__ABOUT THIS EXERCISE__.
Within the entries below, please retype exactly the lines starting with the line that has "Trust Me I'm" and going on through the line that has "Refurbished Xerox Documate", but not the pictures.

__DATA PROVIDED__.
# # # #

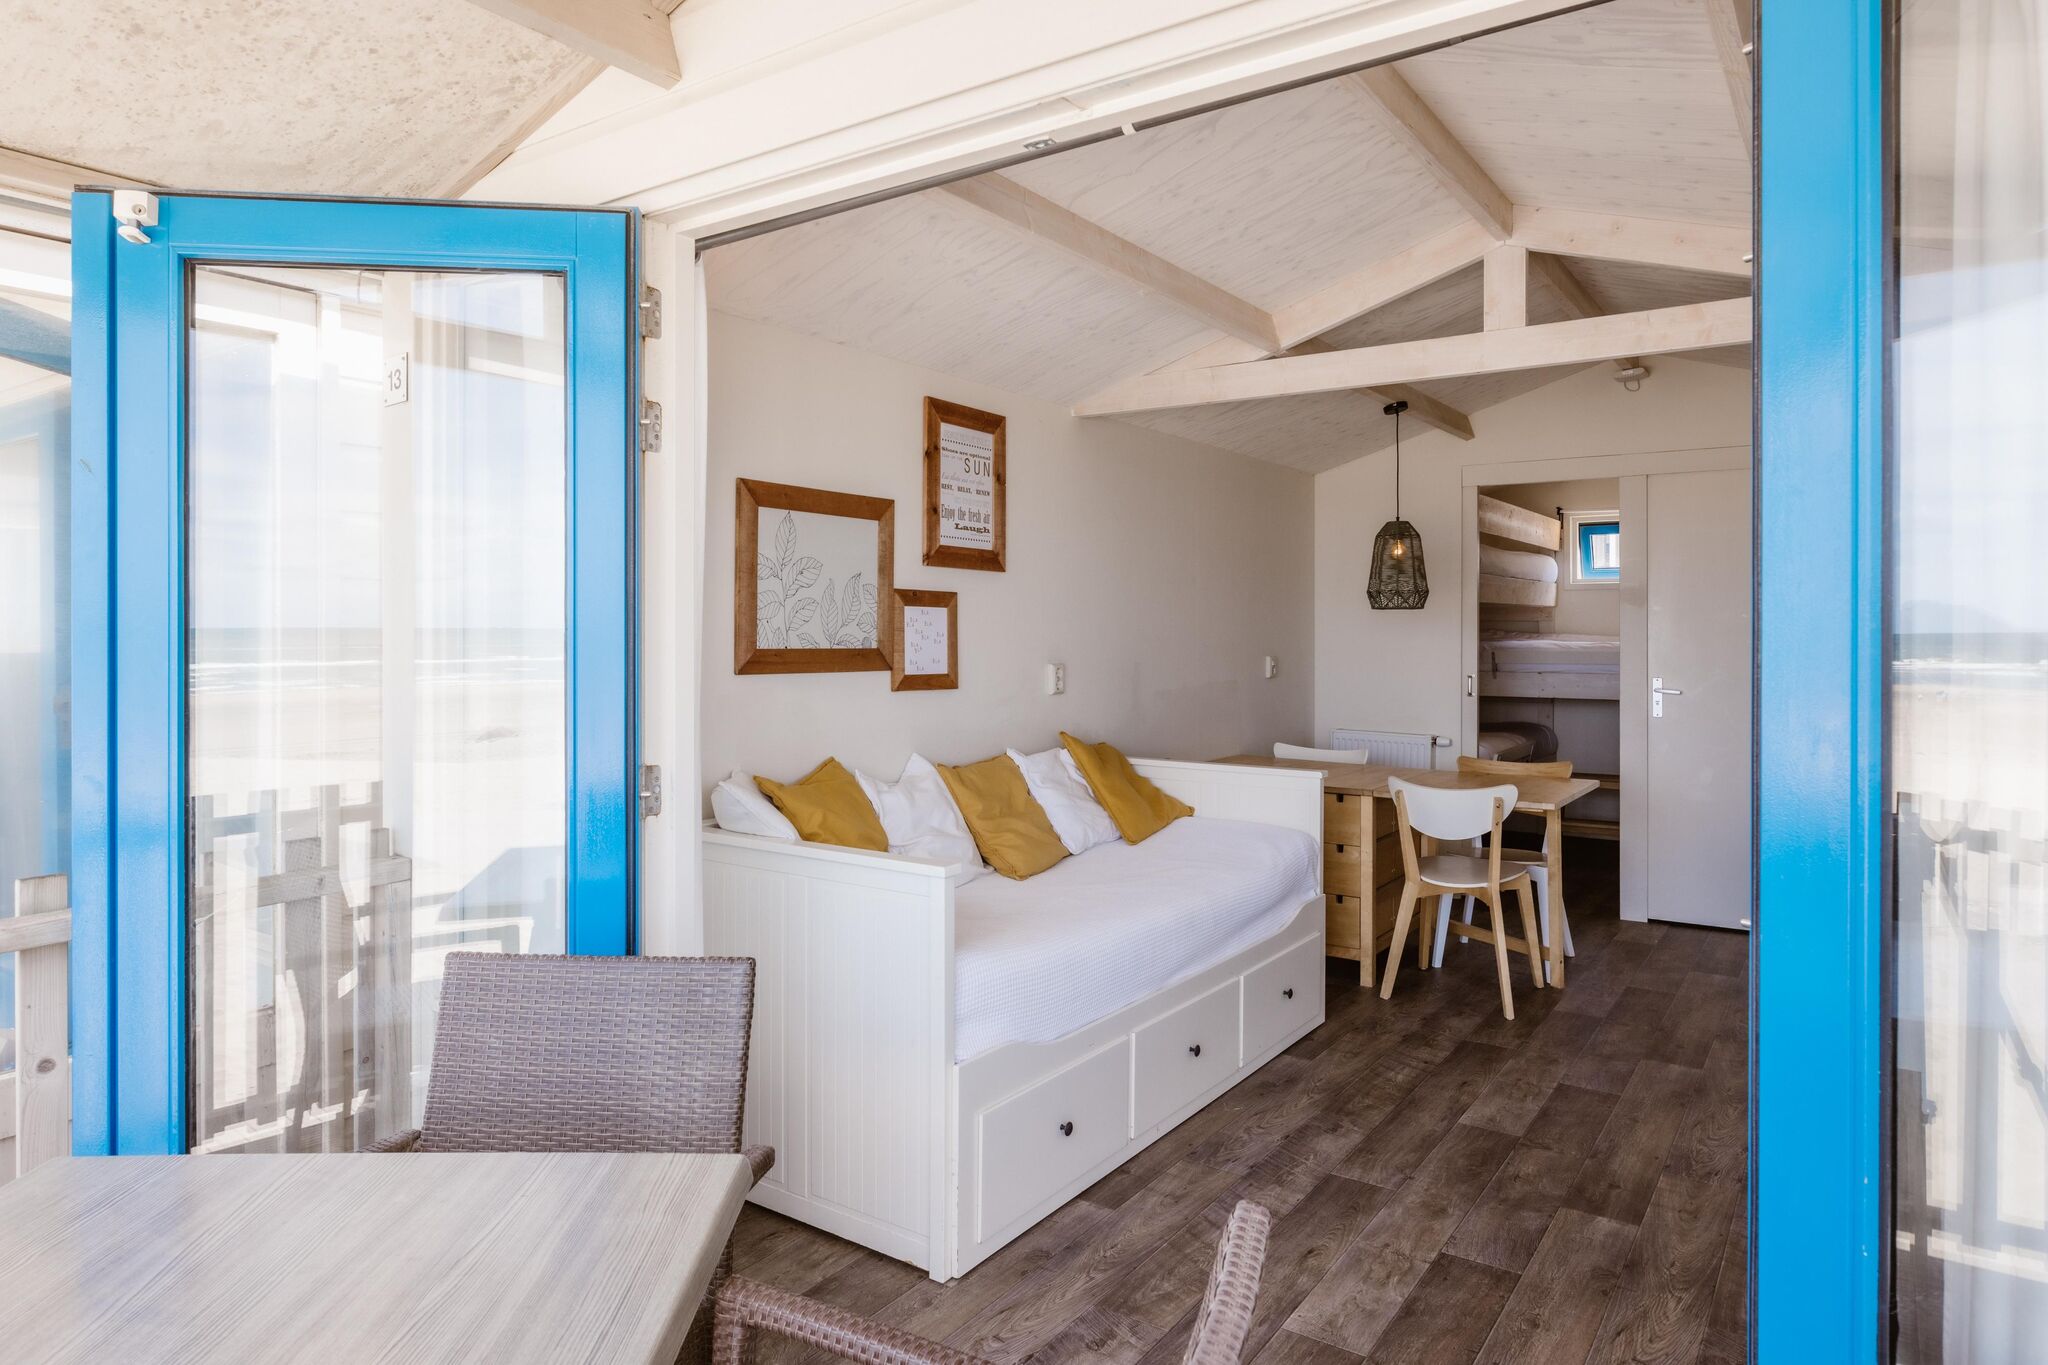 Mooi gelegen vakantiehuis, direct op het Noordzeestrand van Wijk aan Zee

# # # #

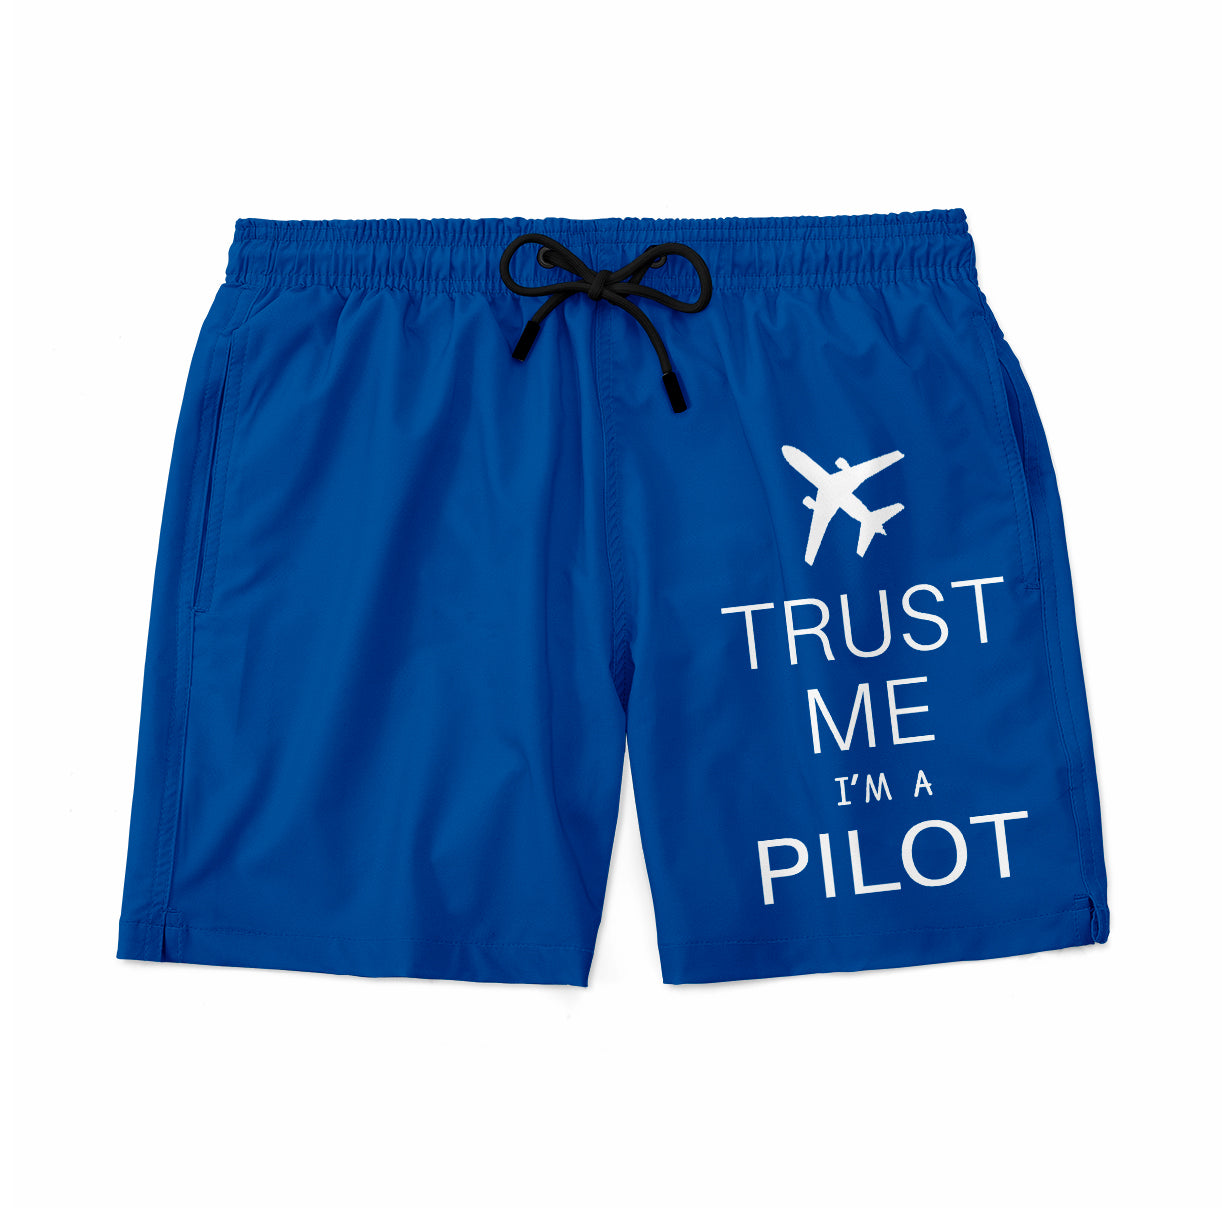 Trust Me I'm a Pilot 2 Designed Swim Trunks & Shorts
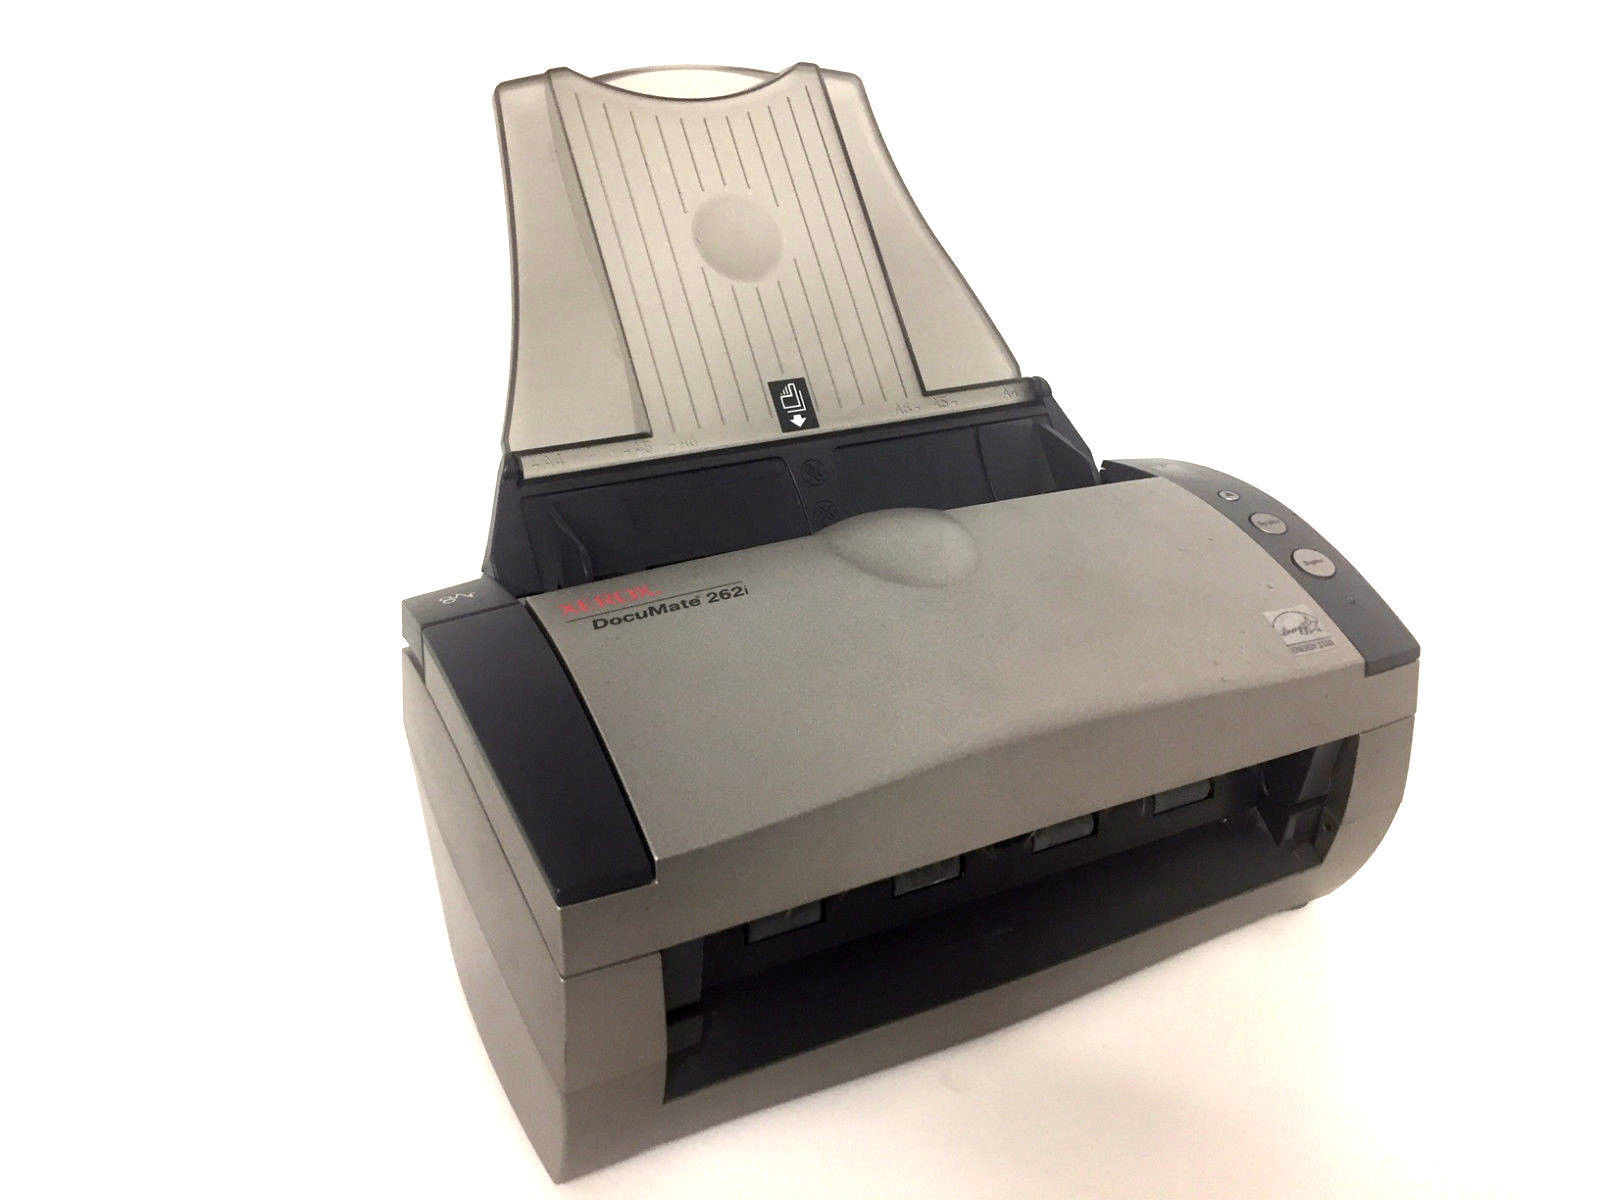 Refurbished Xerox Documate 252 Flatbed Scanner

# # # #

__ANSWER BOX__.
 Trust Me I'm a Pilot 2 Designed Swim Trunks & Shorts
 Refurbished Xerox Documate 252 Flatbed Scanner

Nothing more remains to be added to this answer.